Certo dia estava eu no aeroporto, esperando a minha vez de embarcar, quando um senhor puxou conversa comigo sobre a sua alegria de passar alguns dias na Europa. Falou que o que mais o atraía não era outra coisa senão o sentimento de liberdade ao poder desfrutar das cidades europeias, percorrendo seus recantos e encantos a pé, descartando o uso de automóveis. Continuou a dizer que a geração atual no Brasil é a geração que não tem fotos nas ruas e nas praças. “Nossos registros são feitos em ambientes como shoppings centers, restaurantes ou em outros ambientes controlados”, disse. Aquelas palavras me fizeram meditar na realidade dos fatos, que às vezes não enxergamos ou não queremos enxergar. Realmente, não temos a liberdade para ganhar as ruas e circularmos livremente, pois estamos, constantemente, assustados com a criminalidade que parece crescer a cada dia. Um dos objetos que portamos e que é muito visado por ladrões são os aparelhos de celular, que mais do que instrumentos de comunicação, são também a nossa câmera fotográfica e uma janela para diversos entretenimentos. Tal objeto é um dos principais alvos da criminalidade nessa escalada da violência urbana. É muito duro dizer, mas a verdade é que estamos cada vez mais dependentes (reféns) desse aparelho que de tão poderoso tem substituído os aparelhos de televisão, a mídia impressa, os livros impressos e diversos outros equipamentos, que hoje se tornaram peças de museu: a) cd player; b) dvd player; c) GPS; etc., para não falar dos mais antigos (e nem tão antigos assim).

Que realidade cruel é essa que se apresenta no Brasil e, em especial, nas grandes cidades brasileiras! Não se pode mais fazer uma simples caminhada sem se preocupar com o risco de ser assaltado a qualquer momento. Algumas pessoas entram em pânico ao andar à noite pelas ruas e se deparar com uma moto com dois passageiros, por exemplo. Tal fato nos faz refletir se temos, efetivamente, o direito de ir e vir declarado pelo nosso Texto Constitucional. Que liberdade é essa que nos torna dependentes de veículos automotores em nossos deslocamentos, mesmo que curtos? Que realidade é essa que nos impede de usufruir dos espaços de recreação e de convivência públicos? Como posso eu me considerar cidadão se não me sinto parte da cidade?; se não sinto o seu pulsar, pois ando apressado através de veículos motorizados? Eis uma breve reflexão que se impõe face o quadro de violência que se apropriou do cenário urbano brasileiro. Que cidades queremos? Uma cidade que sirva apenas como local de habitação ou uma cidade que tenha uma vida social, econômica e cultural ativa? Conceitos geográficos apontam para os shoppings centers como sendo não-lugares, ou seja, espaços desconectados de quaisquer traços culturais locais ou até mesmo regionais. Já percebeu que os shoppings center são quase todos iguais em qualquer lugar do mundo? Nada contra os shoppings centers. Particularmente considero que são espaços agradáveis para circular, para se alimentar e para comprar. O problema não são os shoppings. O problema é não dispor de outros espaços, públicos, onde possamos usufruir, com liberdade e segurança, de seus produtos, serviços e outras utilidades, especialmente os de natureza cultural.

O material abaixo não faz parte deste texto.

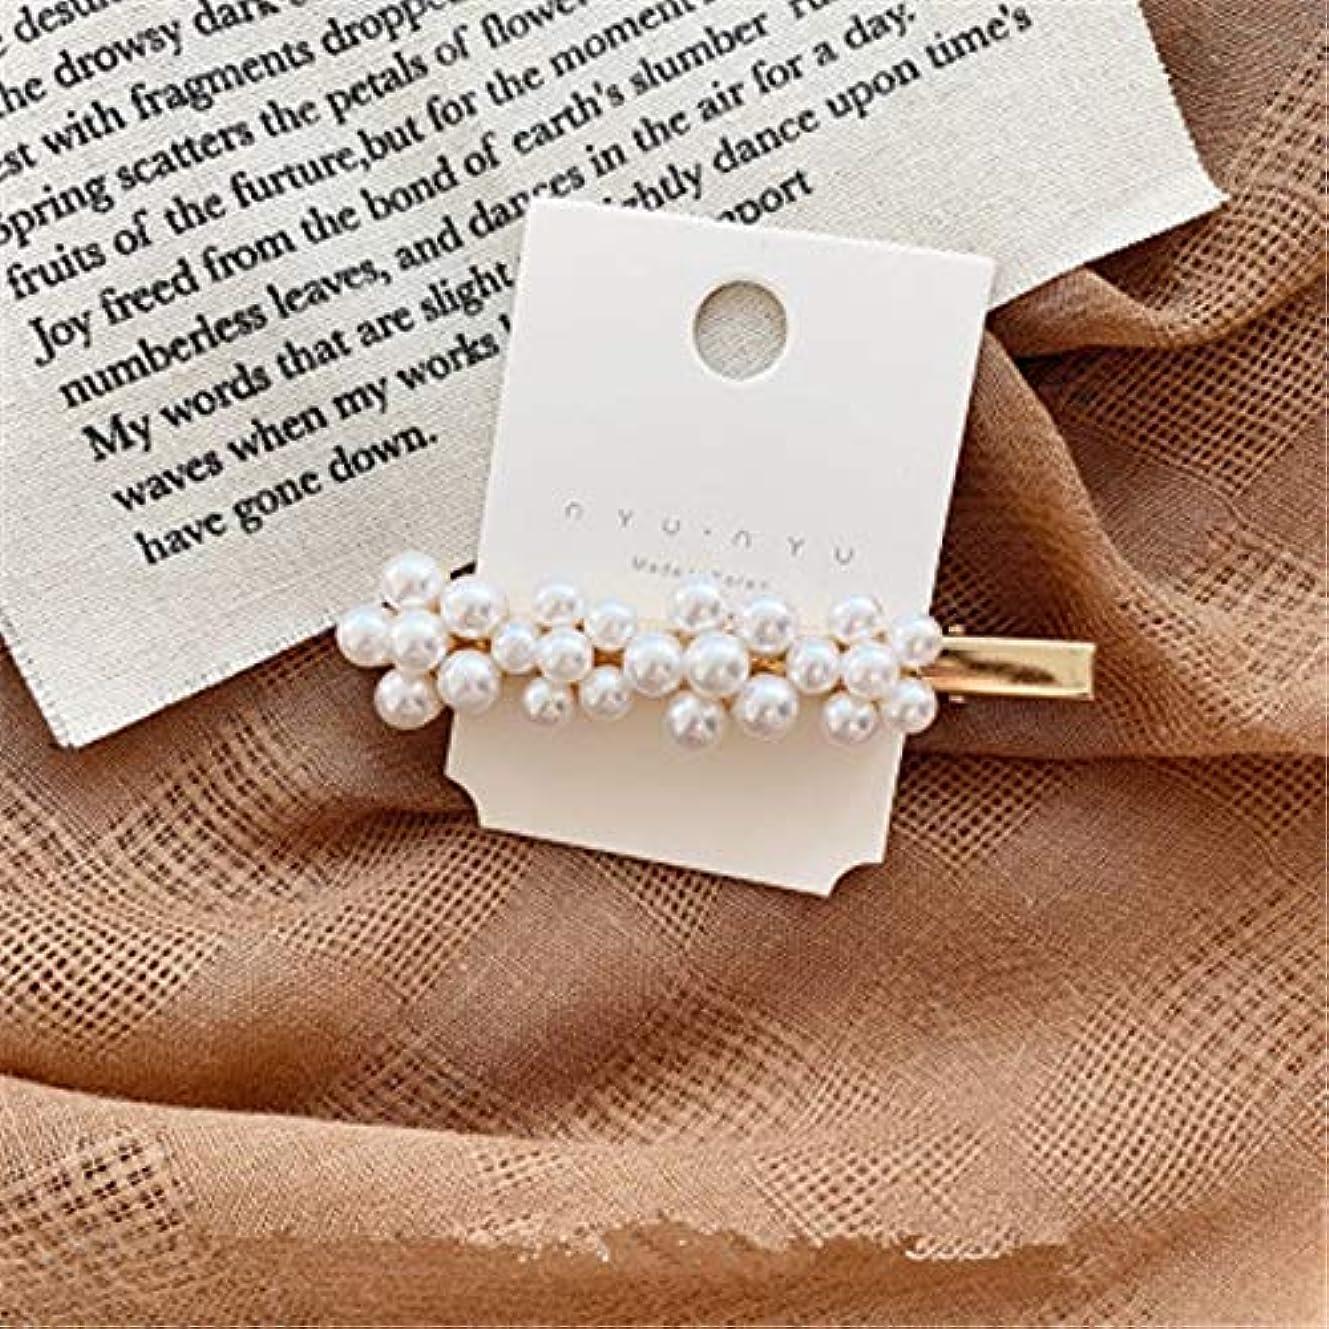 栄光の透けるクーポンHairpinheair Yhm模造真珠の花ヘアピンヴィンテージロングバレットヘアクリップクリスタルメタルヘアアクセサリーヘアグリップ (色 : Color3)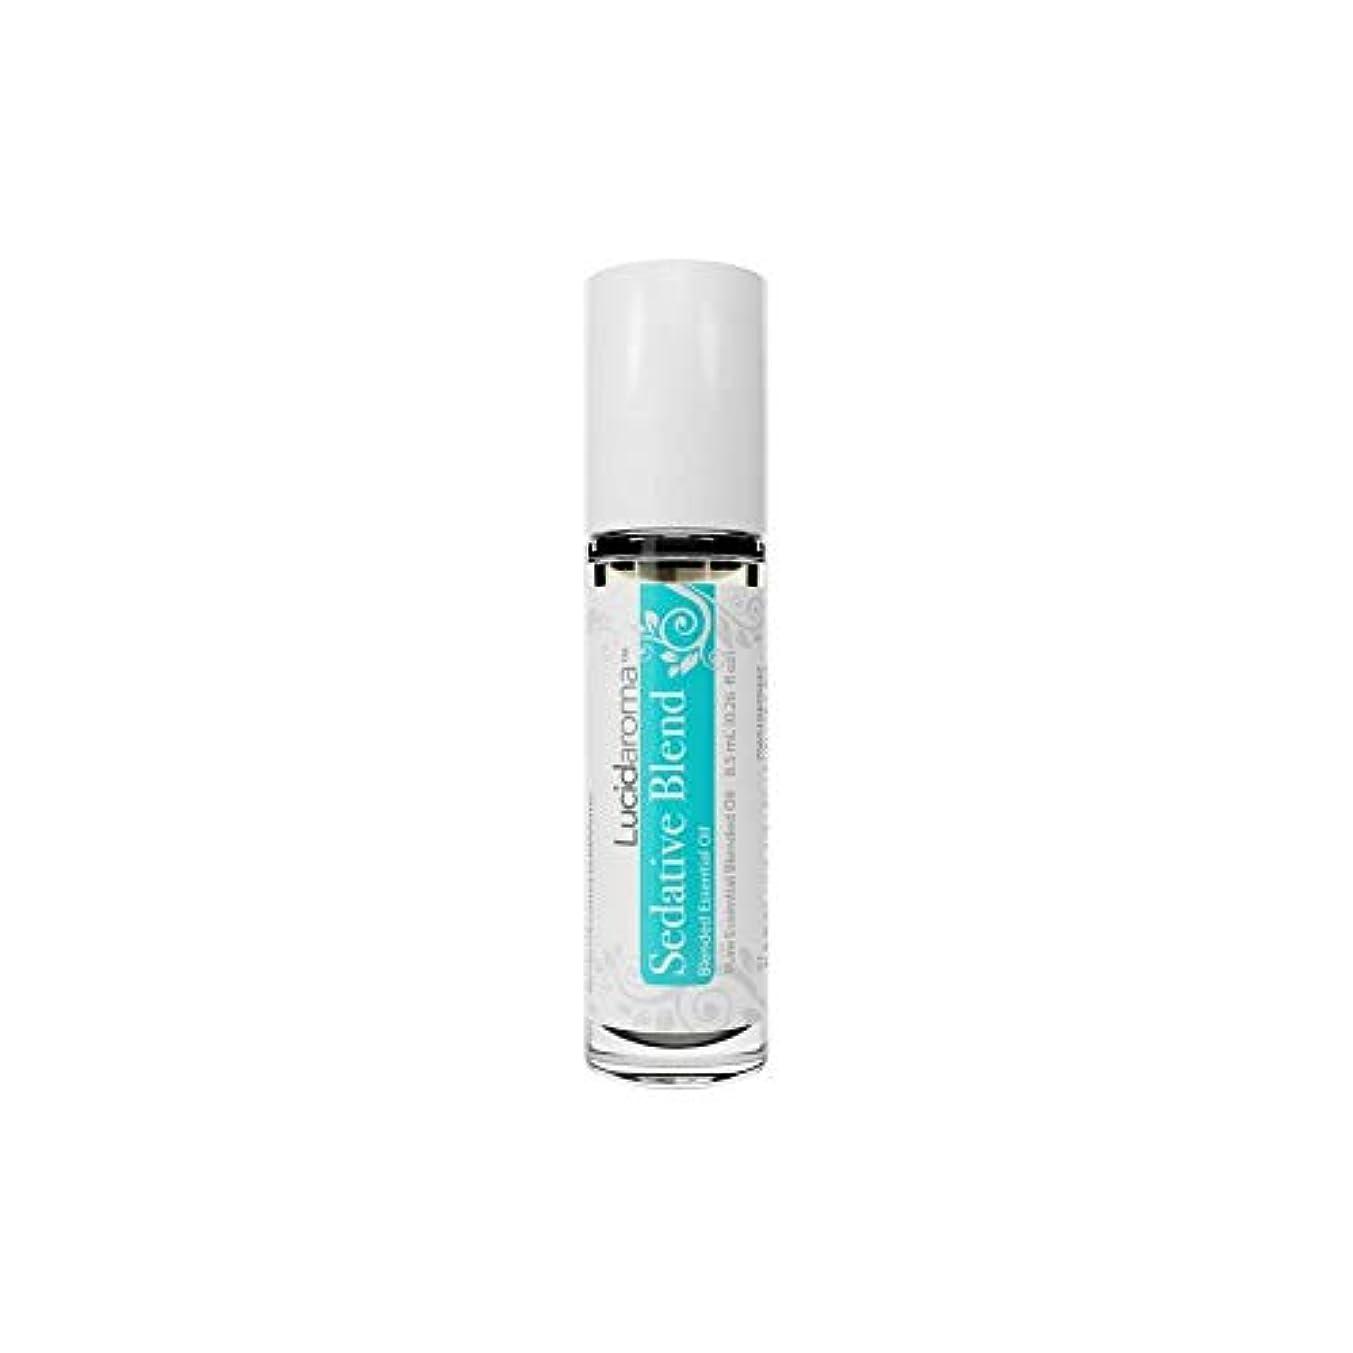 葉を拾うインセンティブ移行Lucid Aroma Sedative Blend セダティヴ ブレンド ロールオン アロマオイル 8.5mL (塗るアロマ) 100%天然 携帯便利 ピュア エッセンシャル アメリカ製

A maior questão que se coloca é: como foi que chegamos ao quadro atual? Quem são os culpados? Onde erramos, enquanto sociedade e onde errou ou ainda erra o Estado? Há alternativas viáveis que permitam mudar essa realidade? Não existe uma resposta direta e pronta para uma problemática tão complexa quanto essa. Muitos fatores estão envolvidos e precisam ser considerados em conjunto. O quadro de violência urbana está associado a fatores como: a) ineficiência nas políticas de emprego e renda; b) alto índice de desemprego; c) ausência do Estado no que diz respeito a infraestruturas e políticas públicas inclusivas; d) falhas no sistema educacional público; e) famílias desestruturadas e violência doméstica; f) ausência de políticas e de investimentos em inteligência nos âmbitos das polícias de segurança pública nos Estados, especialmente para combater o tráfico de drogas; g) ausência de planejamentos urbanos inclusivos e que elevem a competitividade territorial de áreas periféricas; h) ausência de políticas de segurança alimentar baseadas na produção sustentável em cinturões verdes nas adjacências dos grandes centros; i) ausência de uma efetiva política de mobilidade urbana que incluam as áreas com populações mais vulneráveis, ampliando-se o acesso aos transportes públicos; j) ausência de saneamento básico e de ações de combate à poluição, em quaisquer de suas formas; l) deficiências no acesso ao sistema público de saúde; e m) promoção de uma cultura de ostentação associada ao crime. Podemos considerar ainda inúmeros outros fatores.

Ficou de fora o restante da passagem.